Johnson & Johnson, BARDA join forces to prep for pandemic flu, inking deal for vaccine and drug R&D

After seeing recent deadly outbreaks catch medical communities off guard, vaccine experts may be happy to see a new collaboration between Johnson & Johnson and a U.S. development agency take shape. In a novel agreement, the groups have paired up for pandemic flu preparedness, focusing on a vaccine program and other flu drug candidates from J&J.

BARDA, a unit of the Department of Health and Human Services, will pony up $43 million in the first year and up to $273 million over 5 years to support Janssen's flu ambitions. Janssen will match the investment along the way as it seeks to develop its first flu vaccine and advance other drugs.

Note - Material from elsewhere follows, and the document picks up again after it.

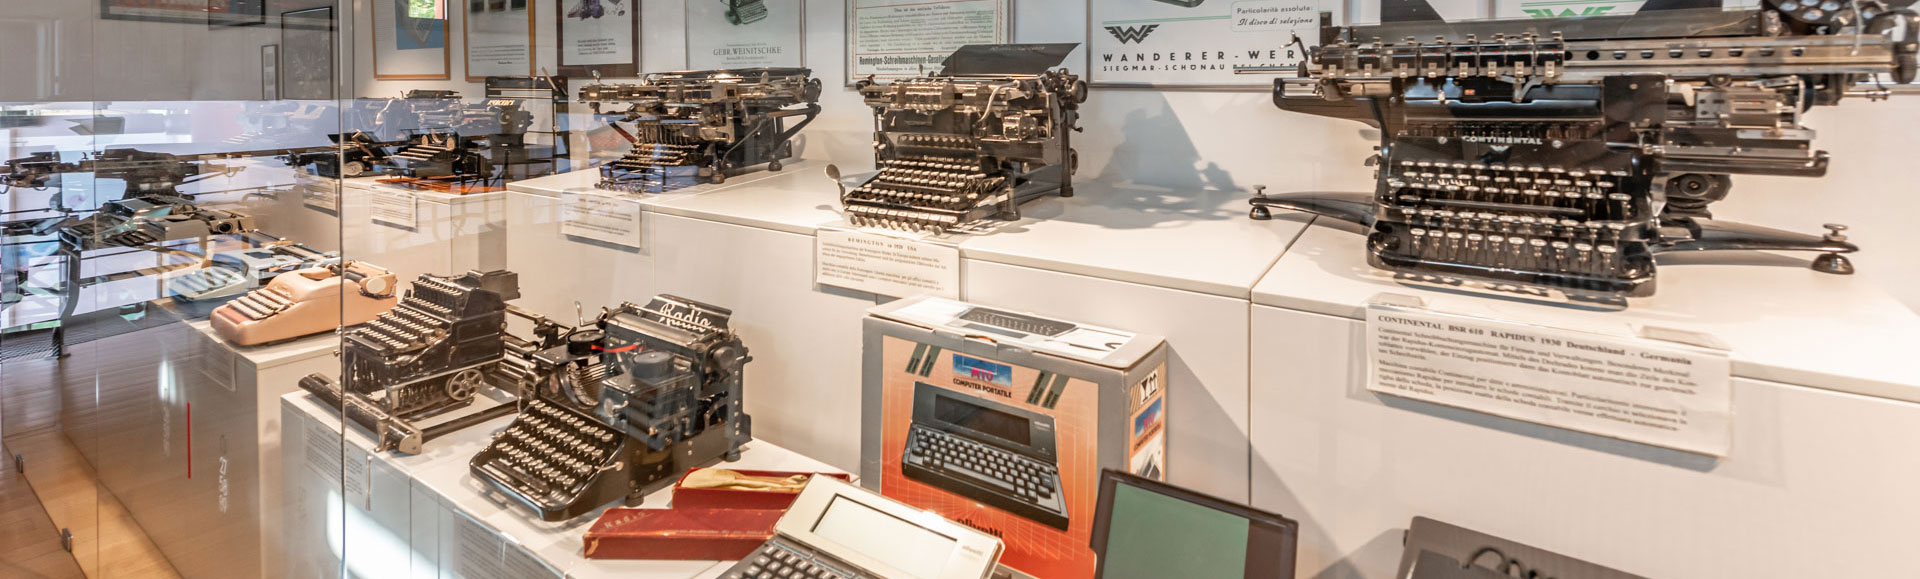 Typewriter Museum Peter Mitterhofer

Among projects the group hopes to advance are a "universal" flu vaccine intended to protect against all or most flu strains. Aside from that project, the team will work on an anti-flu small molecule drug. The portfolio also includes monoclonal antibodies, and the partners could add or remove candidates as they see fit. 

Recent outbreaks including Ebola, Zika and MERS have highlighted a vaccine development system that overlooks future threats in favor of commercial projects. Experts have lamented the reactive approach as those outbreaks sparked calls for more interaction between government, industry and academia. 

Now, those emergencies may be spawning more collaboration. In one such deal, Baylor and Merck KGaA's MilliporeSigma teamed up last month to work on vaccines against neglected diseases, starting with schistosomiasis. Earlier this year, top pharmas, the Gates Foundation and multiple governments joined together to form the Coalition for Epidemic Preparedness, or CEPI, which will work on vaccines against the MERS-CoV, Lassa and Nipah viruses to start. 

“Speeding the development of bio-preparedness countermeasures such as new therapies and vaccines requires that the private and public sectors join forces," J&J's chief scientific officer Paul Stoffels said in a statement on Friday. "No single government or company can do it alone." 

Pandemic flu is "one of the greatest health threats that we face," added BARDA director Rick Bright, who said J&J's portfolio "includes exciting products that could greatly improve our response."

While its collaboration with J&J is the "first of its kind" for pandemic flu preparedness, according to BARDA, the group has partnered with a who's who of Big Pharma in order to support R&D work against a variety of diseases. In one recent deal that didn't pan out, the agency teamed up with Sanofi and the U.S. Army to work on a promising Zika vaccine candidate. Critics called on the team to ensure fair pricing if a marketed vaccine were to successfully emerge from the collaboration.

But as Zika's spread slowed, government officials decided to "de-scope" the collaboration and call off most of the work. The Sanofi partnership sparked a public debate over taxpayer-funded medical research and pricing that eventually spread to other products. BARDA still has a Zika vaccine partnership with Takeda that could end up being worth more than $300 million. 

For its pandemic flu vaccine preparedness efforts, BARDA has also worked with top vaccine players Sanofi, GlaxoSmithKline and Seqirus. Seqirus formed after Novartis sold its flu vaccine business to Australia's CSL.